We were always kind and encouraging to each other. There seemed to be no competition among us – we felt we were a part of a special team, novices devoted to the word. Each of us had been assigned a score and from listening to one another sing, we began to recognize whenever one of us achieved true concentration.

After a week or so back from Geneva, when I was beginning to wonder if there was anything to life with Scherchen but singing, we received word to come to his studio. Early dusk had settled on the hills. It was chilly October. I had now been in Gravesano, except for the trip to Geneva, for three months.

In the studio, all the equipment had been shoved against the wall. Scherchen sat in the center. He asked me to stand facing him, a few paces away. The other students spread out behind him, suggesting a small orchestra.

“Please begin,” he said. Begin what, I wondered - I guessed he meant singing, since it was all I ever did. So I began. After half a minute or so, he stopped me: “You are singing the notes. Sing music, please.” I started again, with what I thought was more phrasing. “That is better. Continue.” Then he stopped me again. “You have sung the first violin part in these measures. What is the viola doing at the point where I stopped you?” I blanched. I decided to go back to the beginning of the piece, and sang rapidly in my head, jumping back and forth between the violin and the viola lines. When I got to the point where Scherchen had stopped me, I sang the viola part out loud. Scherchen was pleased, but I thought to myself: Scherchen could have asked me to sing any instrumental part in the orchestra - strings, winds, horns - and he would have heard if I was right. While I sang the one line, he apparently was hearing everything else as well.

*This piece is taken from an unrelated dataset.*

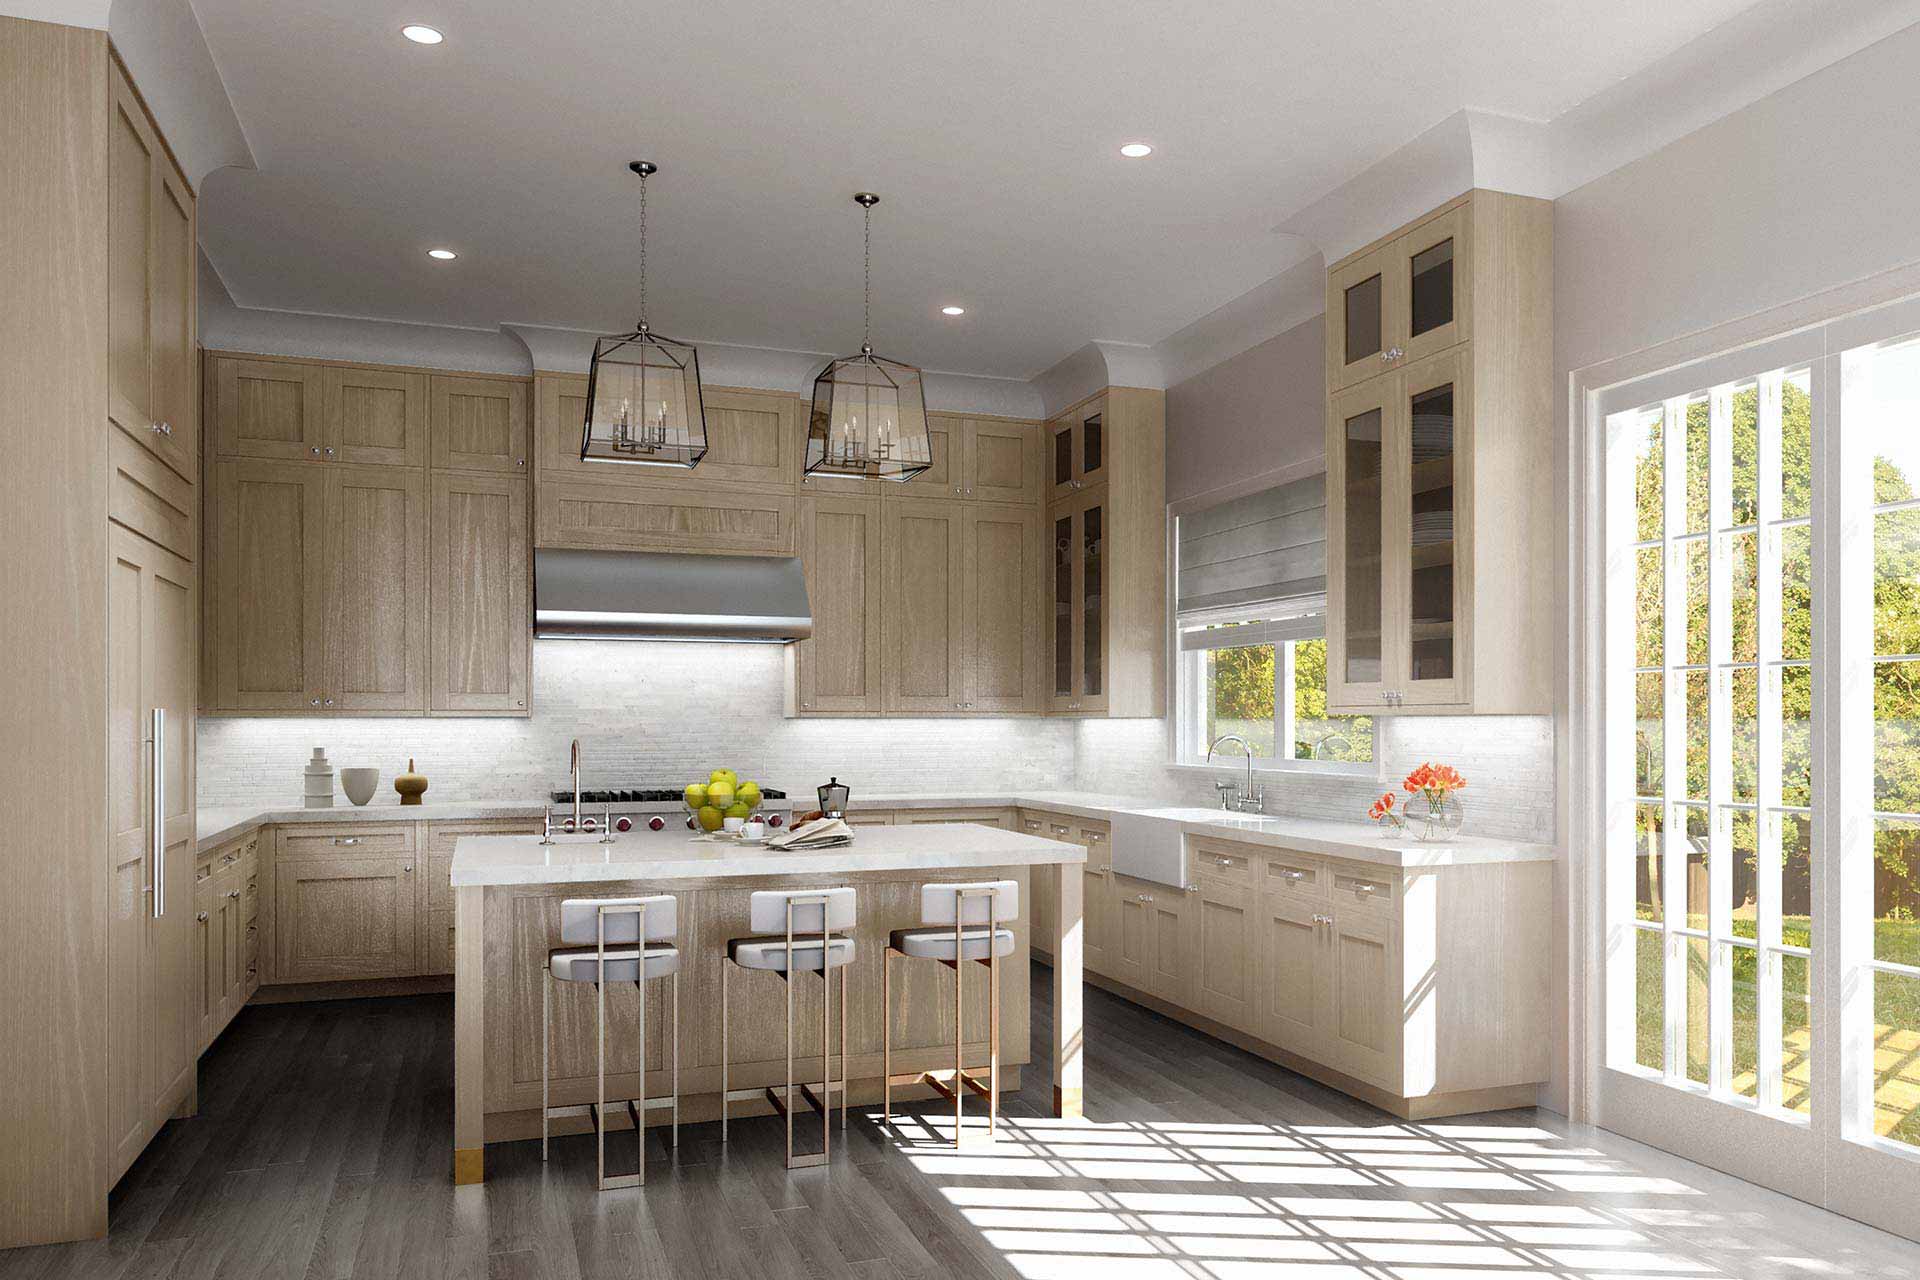 Kitchen interior rendering in Hamptons

To hear a whole score is very difficult. Some musicians, I think, must be born with the ability, and these are names everyone comes to know; others learn it gradually. I never fully mastered it. But I could come close. At a live concert I could hear almost everything, but when, later, I finally stood in front of an orchestra, it became much more difficult. 

Finally, on a rainy day in November, Scherchen decided it was time to see me conduct. He asked for the beginning of the Bach. I looked around to see if someone was going to play the music on the piano, or if I was to conduct to a recording. “Please,” he said. “I asked you to begin.” No accompaniment, no sound from anywhere. “Hear the music in your ear, and show us how to play.”

I started but stopped awkwardly, smiling in embarrassment. Scherchen - and the students - did not find it funny. I began again. I beat time, without a baton, as the music went by in my head. Scherchen stopped me again. “Thank you, Mr. Metronome, my West Point cadet, but little children can wave 1-2-3-4. Listen to the music in your head, and show me with your hands that you want me to play what you hear - that it is impossible to play it any other way. Begin.” I started. This time he let me go on for several pages before he stopped me. Alter a long, fearful silence, he stood up. “You have begun,” he said. He looked at the other students, shook my hand, and left. Later they told me they had started to see the music in my hands and in my look.